The Intelligent Investor offers sound advice on investing from a trustworthy source – Benjamin Graham, an investor who flourished after the financial crash of 1929. Having learned from his own mistakes, the author lays out exactly what it takes to become a successful investor in any environment.

Key idea 1 of 10

Intelligent investors don’t rush in; they take time to rationally examine a company’s long-term value.

There is a lot of money to be made through investing. But also a lot to lose. Finance history is full of stories of investors like Warren Buffett, who, by investing in the right companies, earned vast amounts of money in return. There are just as many — if not more — stories of misfortune, in which people place the wrong bets and end up losing it all.

So, we have to ask ourselves: is investment really worth the risk?
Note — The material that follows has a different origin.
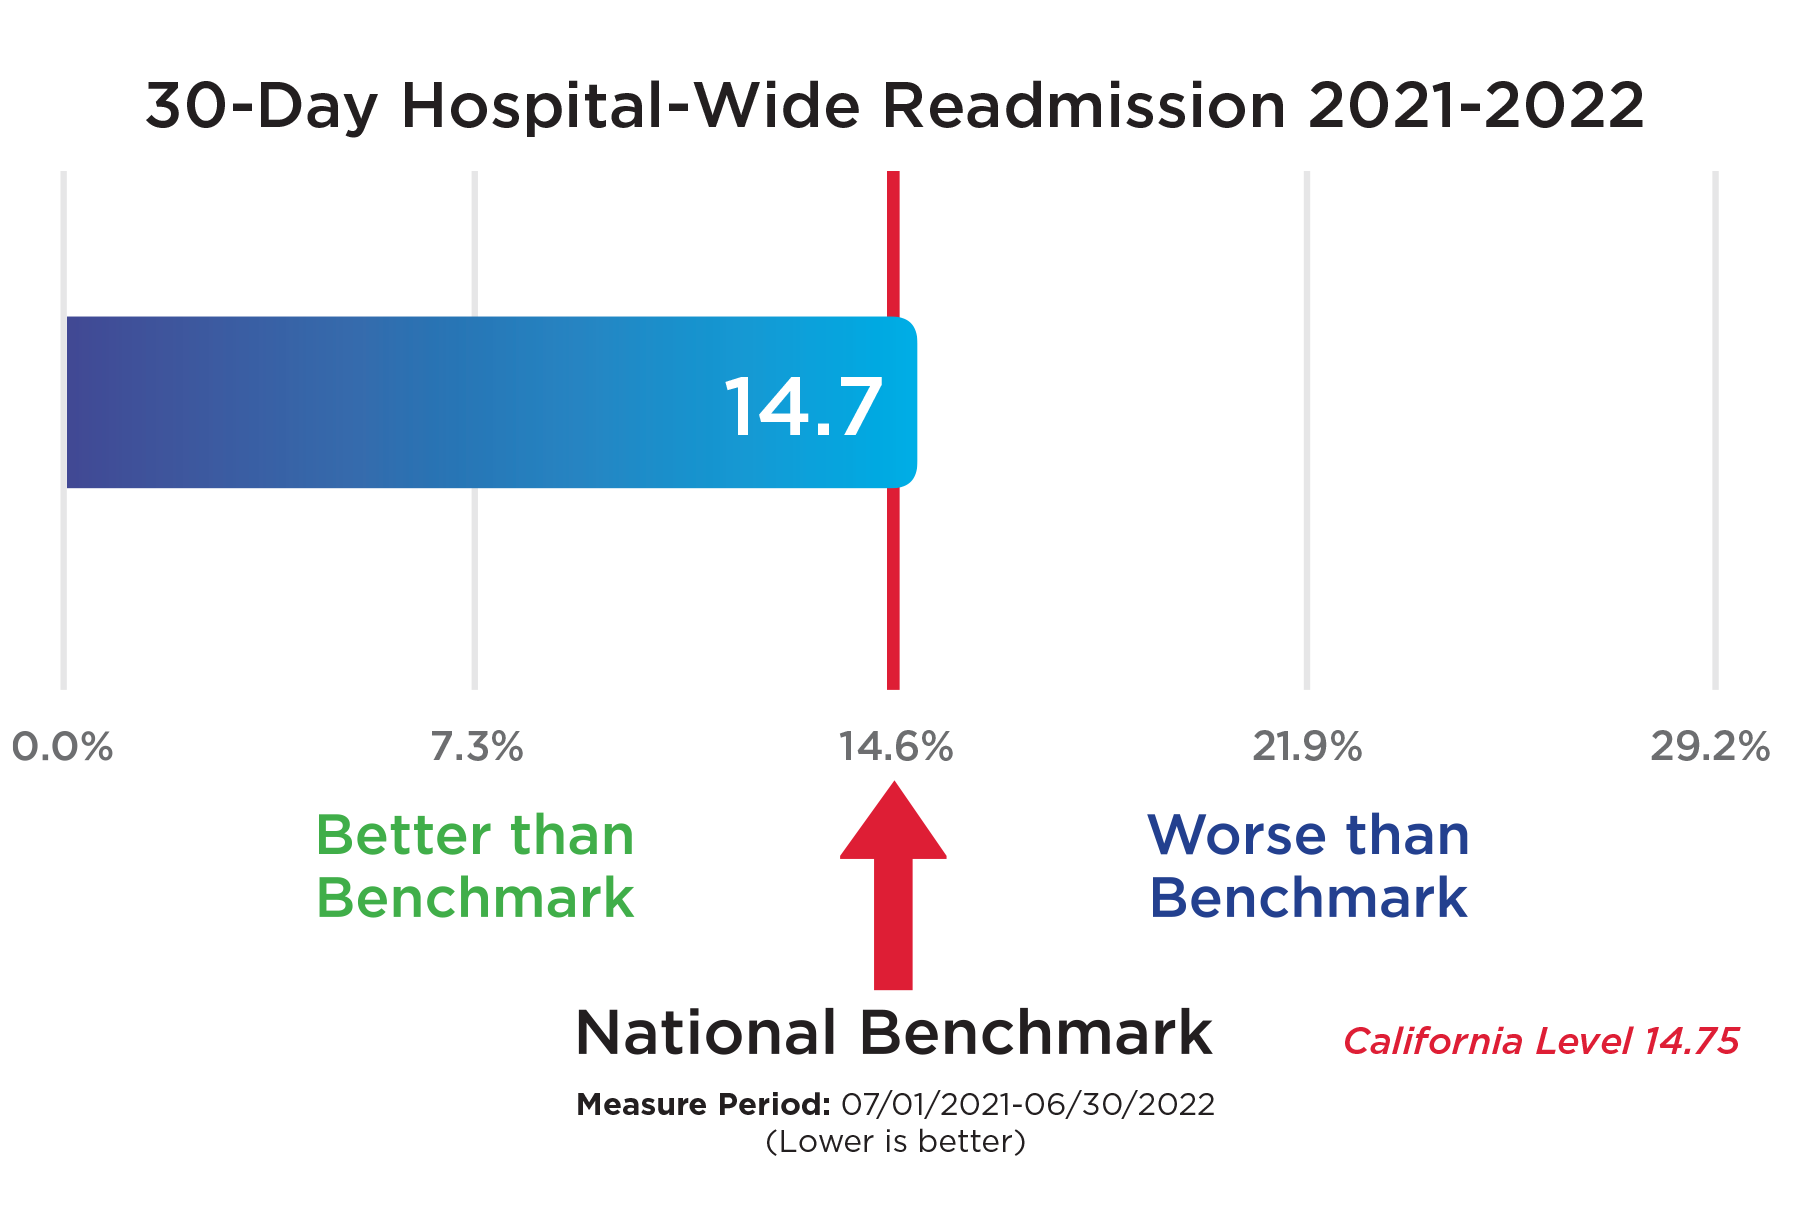 30-Day Hospital-Wide Readmission 2021-2022

The answer is yes, it can be, so long as you follow the strategy of intelligent investing.

Intelligent investors use thorough analyses in order to secure safe and steady returns. This is very different from speculating, in which investors focus on short-term gains made possible by market fluctuations. Speculations are thus very risky, simply because nobody can predict the future.

For example, a speculator might hear a rumor that Apple will soon release a new hit product, and would then be motivated to buy lots of Apple stocks. If she’s lucky, then this knowledge will pay off and she’ll make money. If she’s unlucky and the rumor proves wrong, then she stands to lose a lot.

In contrast, intelligent investors focus on pricing. These investors buy stock only when its price is below its intrinsic value, i.e., its value as it relates to a company’s propensity for growth.

As an intelligent investor, you’ll buy a stock only if you believe there is a probable margin between what you pay and what you will earn as the company grows. Think of this margin of safety the same way you would if you were out shopping. An expensive dress, for example, is only worth it if you end up keeping it for a while. If the quality is insufficient, then you might as well buy a cheaper one that lasts for the same amount of time.

The life of an intelligent investor isn’t very exciting, but that’s not the point. The point is the profit.